PAMEKASAN, MADURANET – Di ujung utara Pamekasan, hamparan cabai, semangka, dan melon memecah citra lama Pantura, gersang dan selalu kekurangan air. Di sela tanaman yang tumbuh rapi itulah, Sakera Farm bernaung, sebuah komunitas petani yang justru lahir di masa genting pandemi Covid-19, 2020 silam.
Sutipyo, 35 tahun, Ketua Sakera Farm, masih ingat saat pertama kali mencoba peruntungan dengan cabai besar pada 2017 di Desa Dempo Barat. Lingkungan sekitar tak memberi banyak dukungan.
“Pantura kan kering. Air terbatas. Mana mungkin berhasil? kata orang-orang. saya dicibir, bahkan dianggap nekat,” cerita Sutipyo, Sabtu (27/9/2025).

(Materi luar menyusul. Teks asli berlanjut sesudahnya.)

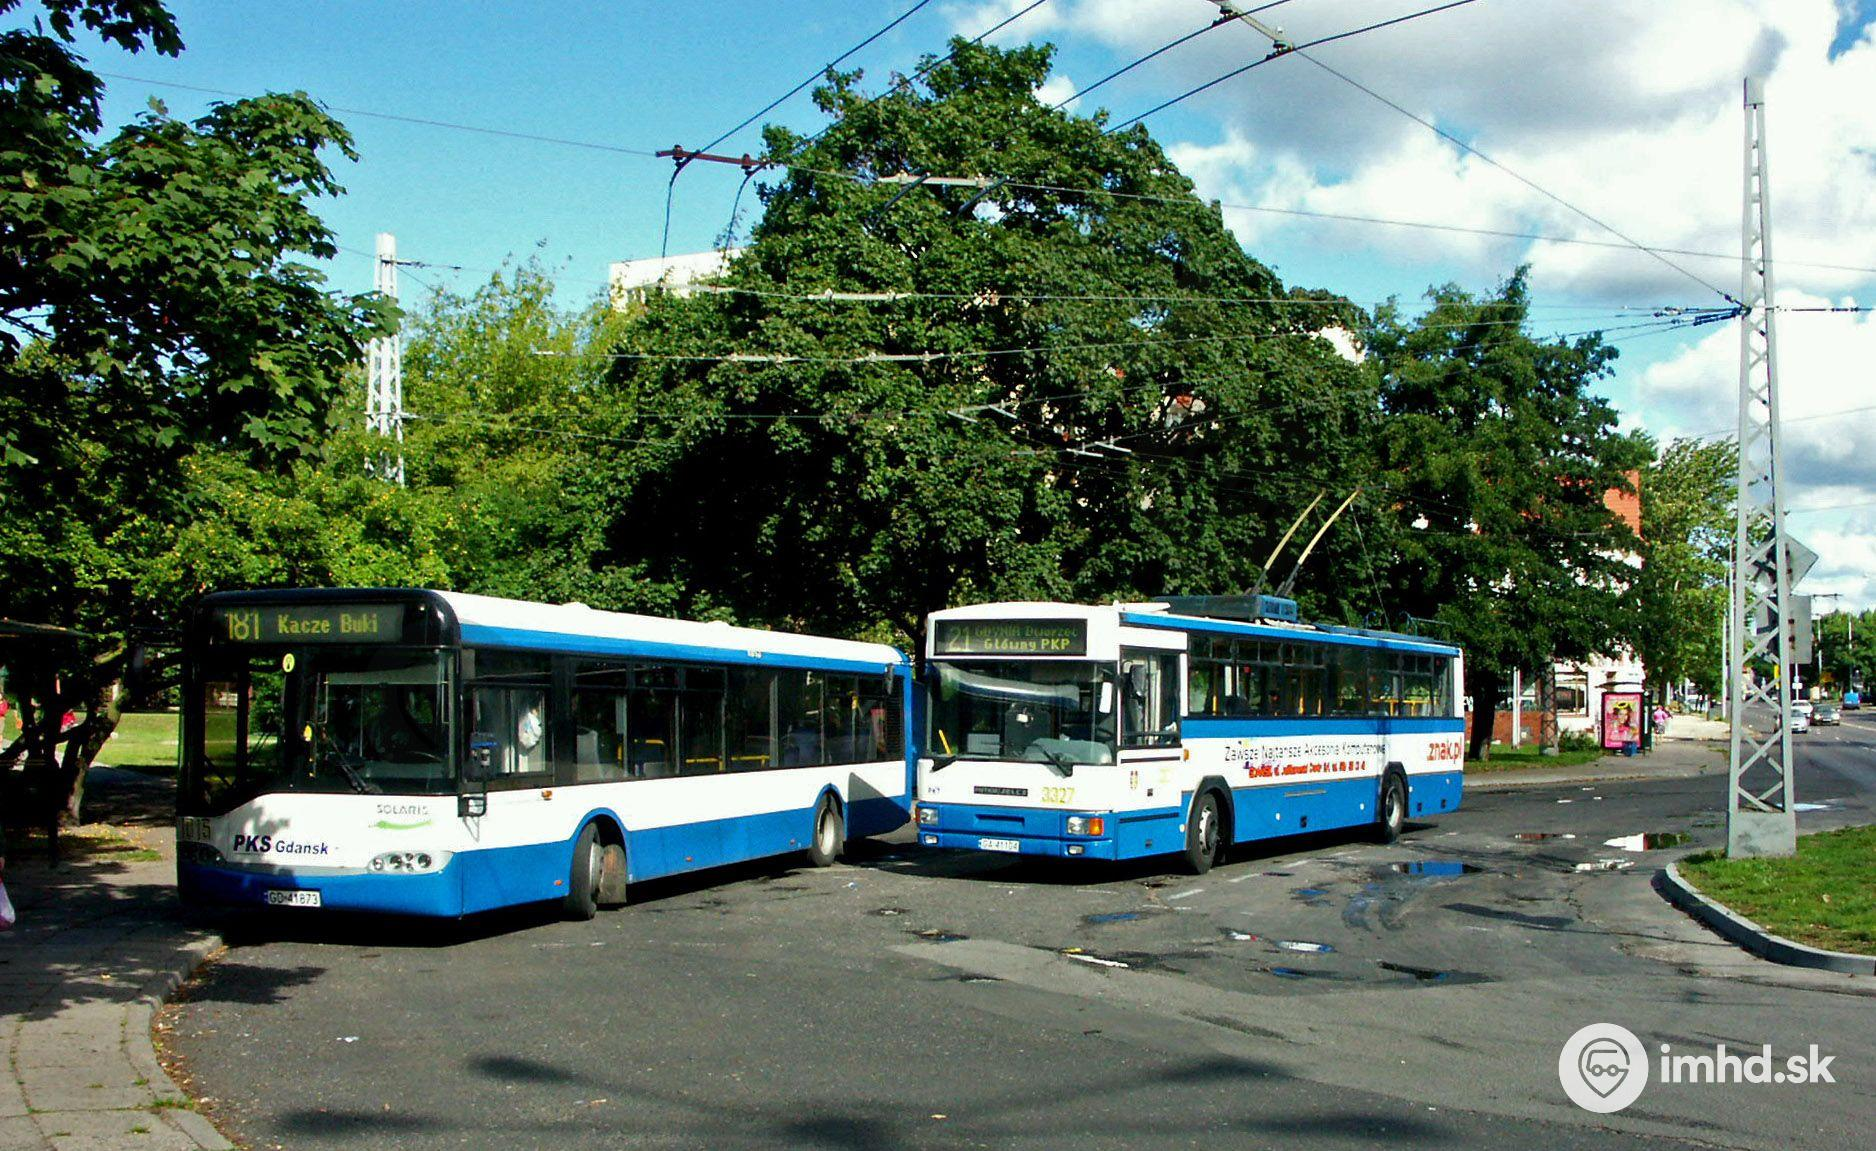 1015, 3327, GA 41104, GD 41873, route 181, 21, Sopot • imhd

Tapi panen cabai besar justru membuka jalan. Dari situ, ia melanjutkan ke tomat, lalu semangka dan melon.
“Sedikit demi sedikit saya ingin membuktikan, tanah pantura bisa produktif kalau dikelola dengan tekun,” ujar Sutipyo.
Lima tahun berjalan, Sakera Farm bukan lagi sekadar komunitas tani biasa. Dari Juli hingga September 2025, komunitas ini berhasil memanen 27 ton semangka.
Bahkan lahan yang masih tahap tanam, berpotensi menambah panen 35 ton lagi. Sehingga total, Sakera Farm bisa menghasilkan 62 ton sampai Oktober depan.
”Hasil itu tak hanya memenuhi pasar lokal, tapi juga merambah Jawa Timur hingga Bali,” sahutnya.
Sutipyo sendiri sehari-hari juga menjabat Kepala Sekolah SMKS Al Falah Dempo Barat. Latar belakangnya bukan akademisi pertanian. Ia alumnus PAI Al-Khairat dan D1 Informatika Unira, program beasiswa operator sekolah.
Pengetahuannya ditempa dari lapangan, sekitar 2015-2017, ia belajar pada pegiat pertanian Hanif di Ganding Sumenep, lalu ikut komunitas tani di Kadur Pamekasan, hingga mengikuti field trip PT Asterindo di Ambulu, Jember.
“Ilmu itu bisa dicari, asal mau belajar dan terjun langsung,” katanya.
Kini, Sakera Farm beranggotakan 30 petani dari Dempo Timur, Dempo Barat, Sana Tengah, Sana Dejeh, hingga Tokerbuy. Bagi mereka, komunitas bukan sekadar wadah usaha, melainkan ruang kekeluargaan.
“Kalau ada anggota panen, kami jadikan ajang silaturahmi,” kata Sutipyo.
Untuk bekal pengetahuan, mereka rajin menggandeng perusahaan obat-obatan pertanian dan suplier. Model gotong royong dijaga, mulai dari proses tanam hingga distribusi hasil panen.
Kerja kolektif membawa hasil panen Sakera Farm menembus pasar besar. Cabai dikirim ke Bali, sementara semangka dan melon dipasarkan ke Malang dan Surabaya lewat perusahaan mitra.
Sejak ada program Makan Bergizi Gratis (MBG), hasil panen mereka juga terserap ke masyarakat sekitar.
“Jadi produk kami tidak hanya ke perusahaan luar Madura, tapi juga dinikmati langsung oleh warga sini,” ujar Sutipyo.
Pantura selama ini identik dengan lahan tembakau dan keterbatasan air. Tapi Sakera Farm membalikkan anggapan itu. Dari lahan kering, mereka menumbuhkan ketahanan pangan berbasis komunitas.
Menurut Sutipyo, petani sebenarnya punya peluang besar. Hanya saja, keterbatasan akses pasar membuat banyak yang kehilangan motivasi untuk berinovasi.
“Kami ingin jadi teman yang memberi semangat. Di sini kami belajar, lahan gersang bukan alasan untuk berhenti. Justru tantangan untuk membuktikan kalau pertanian masih bisa jadi harapa,” katanya, sambil tersenyum lebar.
Adanya komunitas tersebut, mulai memotivasi para pemuda untuk mulai bertani. Tercatat, ada sekitar 15 pemuda ikut aktif dalam komunitas Sakera Farm.
Muhammad Haris (27), salah satu pemuda, anggota dari Dempo Timur, mengaku merasakan langsung dampaknya. Sekali panen, ia bisa mengantongi Rp45 juta dari modal Rp15 juta hanya dalam dua bulan.
”Alhamdulillah, ditengah sulitnya lapangan pekerjaan, dengan adanya komunitas ini saya bisa mandiri,” ucap haris dengan senyuman lebar.